— Work required —
The output should be every line below, retyped exactly, with no images.

— Information shown —
== Segment start ==

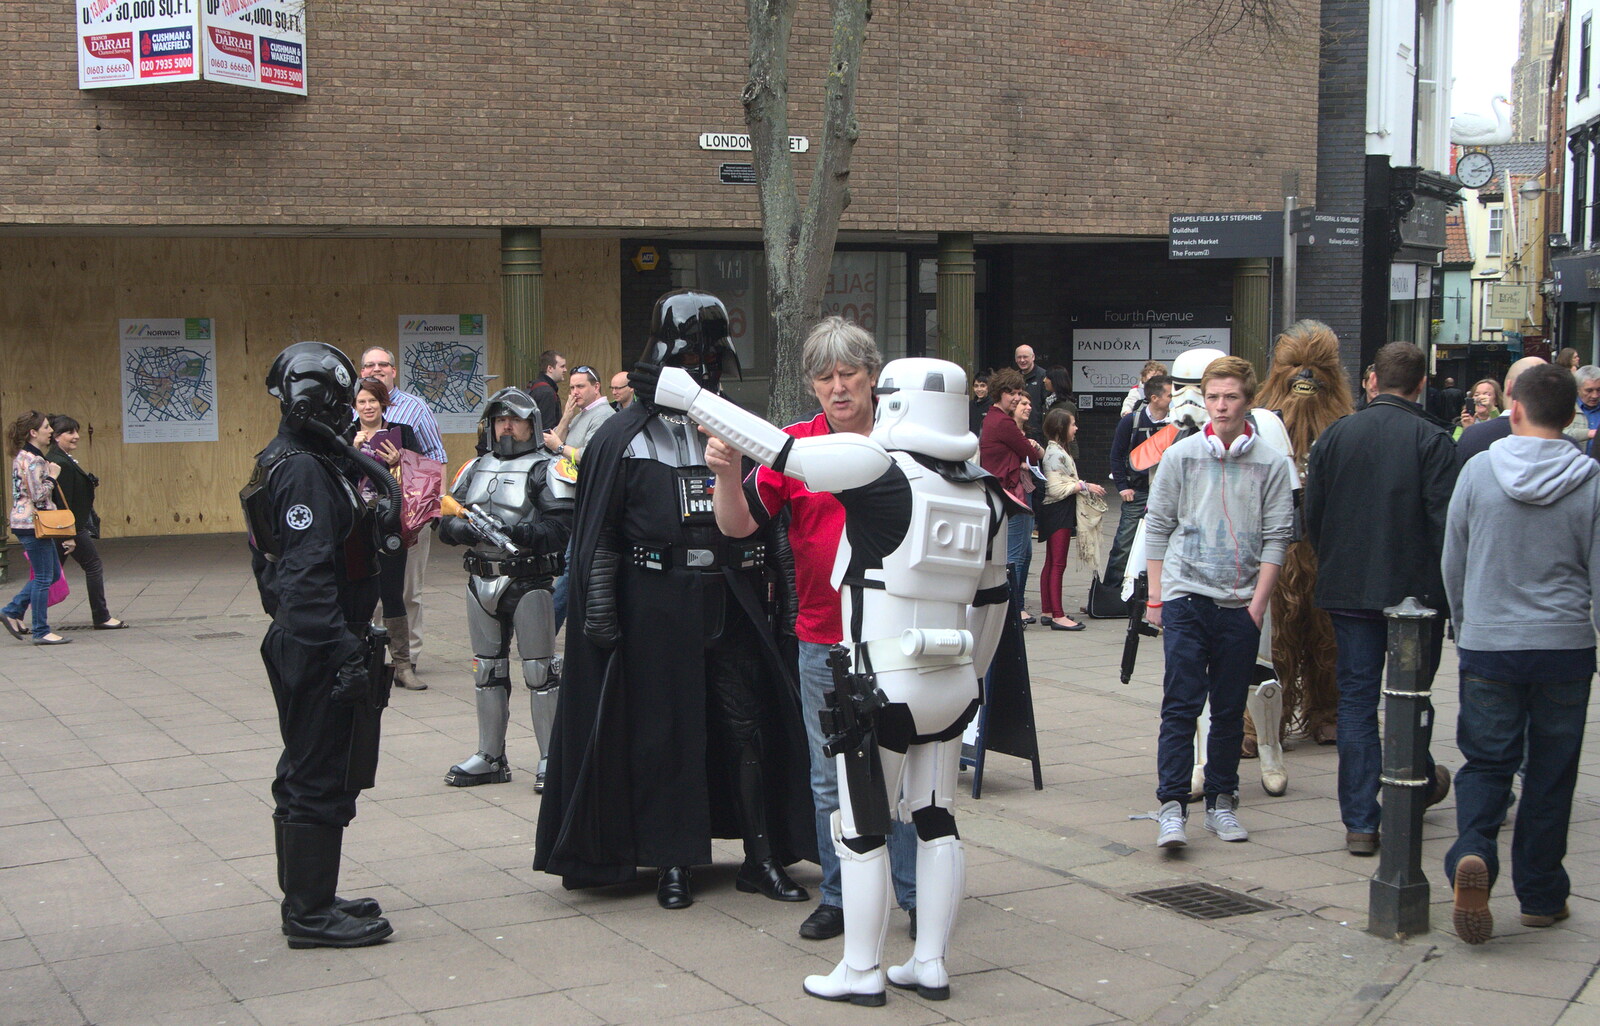 Darth Vader and minions assemble on London Street from A Very Random Norwich Day, and The BBs at Laxfield, Norfolk and Suffolk - 13th April 2013
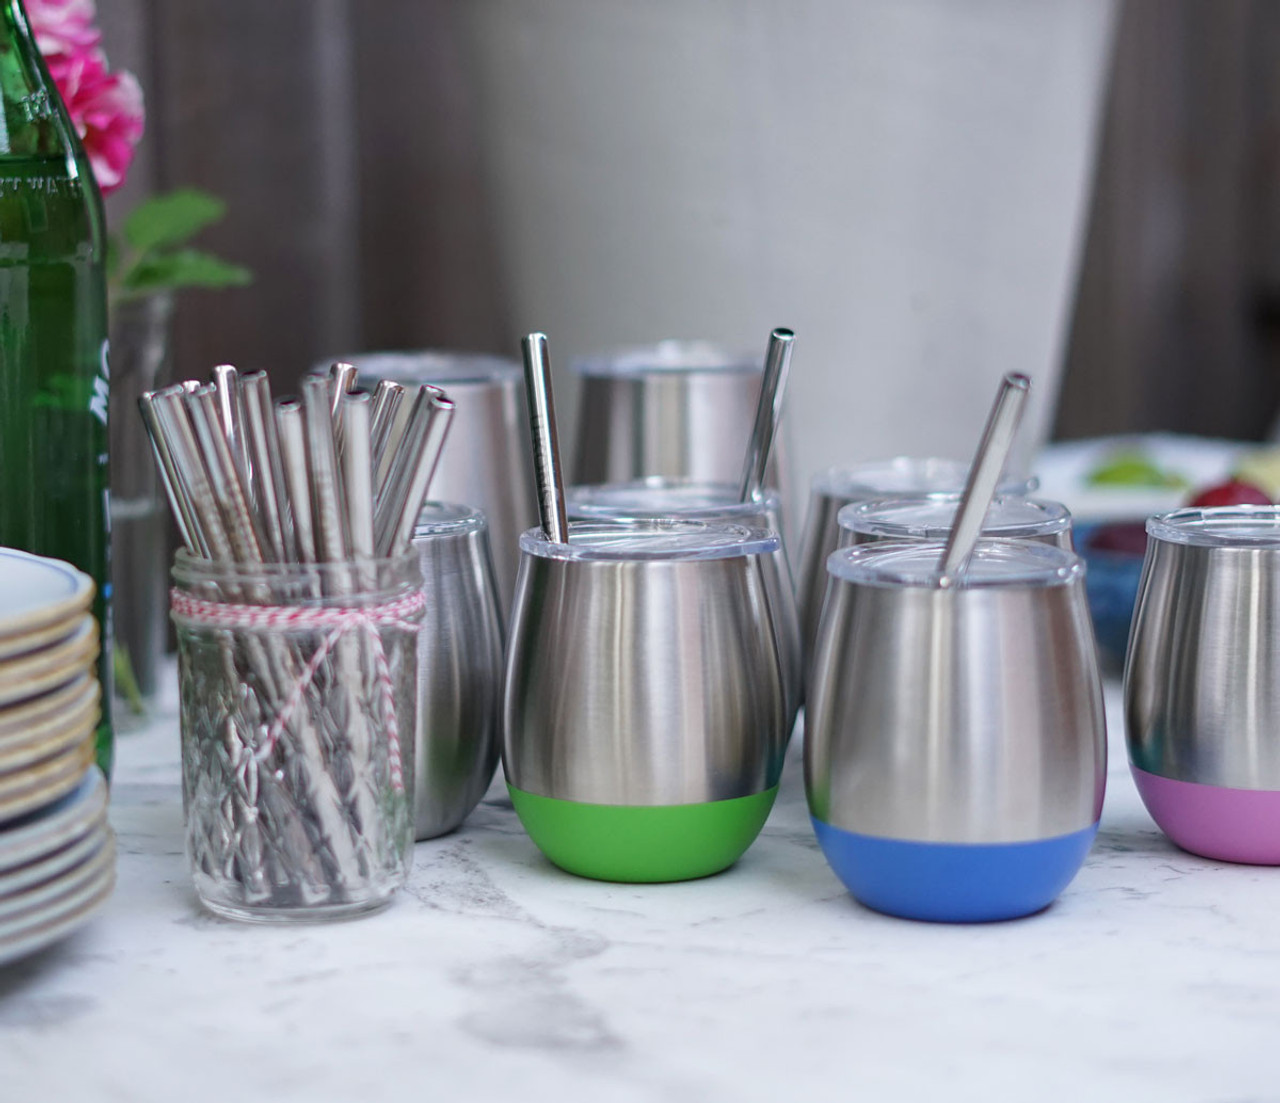 https://cdn11.bigcommerce.com/s-j602wc6a/images/stencil/1280x1280/products/7240/25514/reusable-stainless-steel-mini-straws__34458.1542407201.jpg?c=2
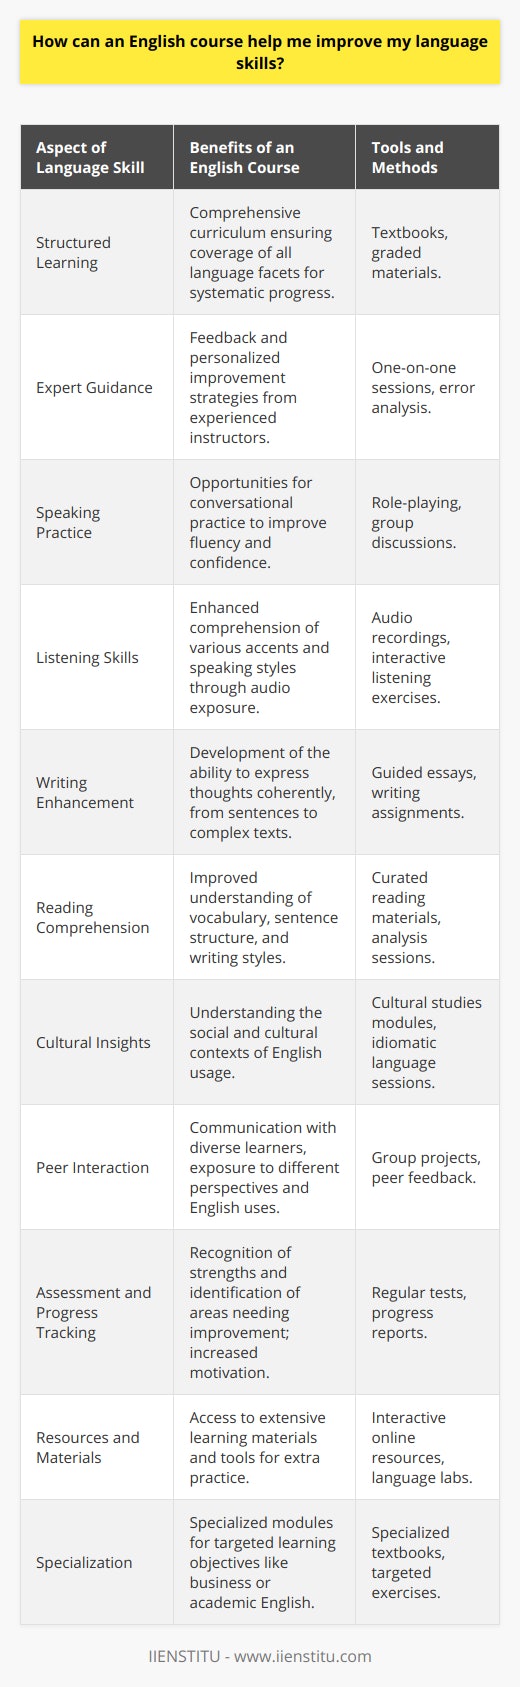 Participating in an English course offers a structured and methodical approach to learning the language, often resulting in more effective progress than learning on your own. Here are ways an English course can enhance your language skills:1. **Structured Learning**: An English course follows a curriculum designed to cover all aspects of language learning, including grammar, vocabulary, pronunciation, reading, writing, speaking, and listening. This structure ensures that learners progress through different levels of language proficiency, building on the skills they've acquired in a systematic manner.2. **Expert Guidance**: Instructors in an English course are typically well-trained and experienced in teaching English as a second language. They provide expert feedback on your language use, correct mistakes, and offer strategies for improvement, which is hard to get when studying independently.3. **Speaking Practice**: Many language learners lack the opportunity to practice speaking English. An English course often includes conversational practice, role-playing, and discussions that help you use English in realistic situations, thereby improving your fluency and confidence.4. **Listening Skills**: Through listening exercises, such as comprehending audio recordings or lectures, learners can enhance their ability to understand spoken English. This exposure to different accents and speaking styles is valuable for real-world communication.5. **Writing Enhancement**: An English course usually encompasses various writing activities, which are essential for developing the ability to express thoughts coherently in English. This includes everything from simple sentences to complex essays or reports.6. **Reading Comprehension**: Courses often provide reading materials appropriate to your level. These might include short stories, news articles, or excerpts from novels. Reading regularly enhances vocabulary, understanding of sentence structure, and exposure to different writing styles.7. **Cultural Insights**: Understanding the cultural context in which a language is used is pivotal. An English course can introduce you to cultural nuances, idiomatic expressions, and social customs, preventing misunderstandings and enabling you to use English more appropriately.8. **Peer Interaction**: Learning with others offers the chance to communicate with fellow learners. This social aspect can keep you motivated and also provides exposure to different perspectives and uses of English.9. **Assessment and Progress Tracking**: Regular assessments and feedback help you to recognize your strengths and identify areas where you need additional practice. Progress tracking can increase your motivation and provides a sense of accomplishment as you move through the course.10. **Resources and Materials**: English courses provide a wealth of resources that may be difficult to compile on your own. These include textbooks, online materials, interactive exercises, and possibly access to language labs or digital platforms for additional practice outside of class.11. **Specialization**: Some English courses offer specialized modules tailored to specific objectives like business English, academic writing, or test preparation (e.g., for TOEFL or IELTS). Targeted learning can be highly effective for specific purposes.An institution like IIENSTITU may offer a suite of resources along with a well-designed curriculum to enhance your English language skills effectively. By engaging with such courses, learners can transform their language learning journey, equipping themselves with the linguistic abilities necessary to excel in both personal and professional realms. Whether you're looking to refine your conversational fluency, improve your academic writing, or expand your business terminology, an English course can provide a valuable road map to achieving these goals.

== Segment end ==

— Response area —
 Darth Vader and minions assemble on London Street from A Very Random Norwich Day, and The BBs at Laxfield, Norfolk and Suffolk - 13th April 2013
 https://cdn11.bigcommerce.com/s-j602wc6a/images/stencil/1280x1280/products/7240/25514/reusable-stainless-steel-mini-straws__34458.1542407201.jpg?c=2
 Participating in an English course offers a structured and methodical approach to learning the language, often resulting in more effective progress than learning on your own. Here are ways an English course can enhance your language skills:1. **Structured Learning**: An English course follows a curriculum designed to cover all aspects of language learning, including grammar, vocabulary, pronunciation, reading, writing, speaking, and listening. This structure ensures that learners progress through different levels of language proficiency, building on the skills they've acquired in a systematic manner.2. **Expert Guidance**: Instructors in an English course are typically well-trained and experienced in teaching English as a second language. They provide expert feedback on your language use, correct mistakes, and offer strategies for improvement, which is hard to get when studying independently.3. **Speaking Practice**: Many language learners lack the opportunity to practice speaking English. An English course often includes conversational practice, role-playing, and discussions that help you use English in realistic situations, thereby improving your fluency and confidence.4. **Listening Skills**: Through listening exercises, such as comprehending audio recordings or lectures, learners can enhance their ability to understand spoken English. This exposure to different accents and speaking styles is valuable for real-world communication.5. **Writing Enhancement**: An English course usually encompasses various writing activities, which are essential for developing the ability to express thoughts coherently in English. This includes everything from simple sentences to complex essays or reports.6. **Reading Comprehension**: Courses often provide reading materials appropriate to your level. These might include short stories, news articles, or excerpts from novels. Reading regularly enhances vocabulary, understanding of sentence structure, and exposure to different writing styles.7. **Cultural Insights**: Understanding the cultural context in which a language is used is pivotal. An English course can introduce you to cultural nuances, idiomatic expressions, and social customs, preventing misunderstandings and enabling you to use English more appropriately.8. **Peer Interaction**: Learning with others offers the chance to communicate with fellow learners. This social aspect can keep you motivated and also provides exposure to different perspectives and uses of English.9. **Assessment and Progress Tracking**: Regular assessments and feedback help you to recognize your strengths and identify areas where you need additional practice. Progress tracking can increase your motivation and provides a sense of accomplishment as you move through the course.10. **Resources and Materials**: English courses provide a wealth of resources that may be difficult to compile on your own. These include textbooks, online materials, interactive exercises, and possibly access to language labs or digital platforms for additional practice outside of class.11. **Specialization**: Some English courses offer specialized modules tailored to specific objectives like business English, academic writing, or test preparation (e.g., for TOEFL or IELTS). Targeted learning can be highly effective for specific purposes.An institution like IIENSTITU may offer a suite of resources along with a well-designed curriculum to enhance your English language skills effectively. By engaging with such courses, learners can transform their language learning journey, equipping themselves with the linguistic abilities necessary to excel in both personal and professional realms. Whether you're looking to refine your conversational fluency, improve your academic writing, or expand your business terminology, an English course can provide a valuable road map to achieving these goals.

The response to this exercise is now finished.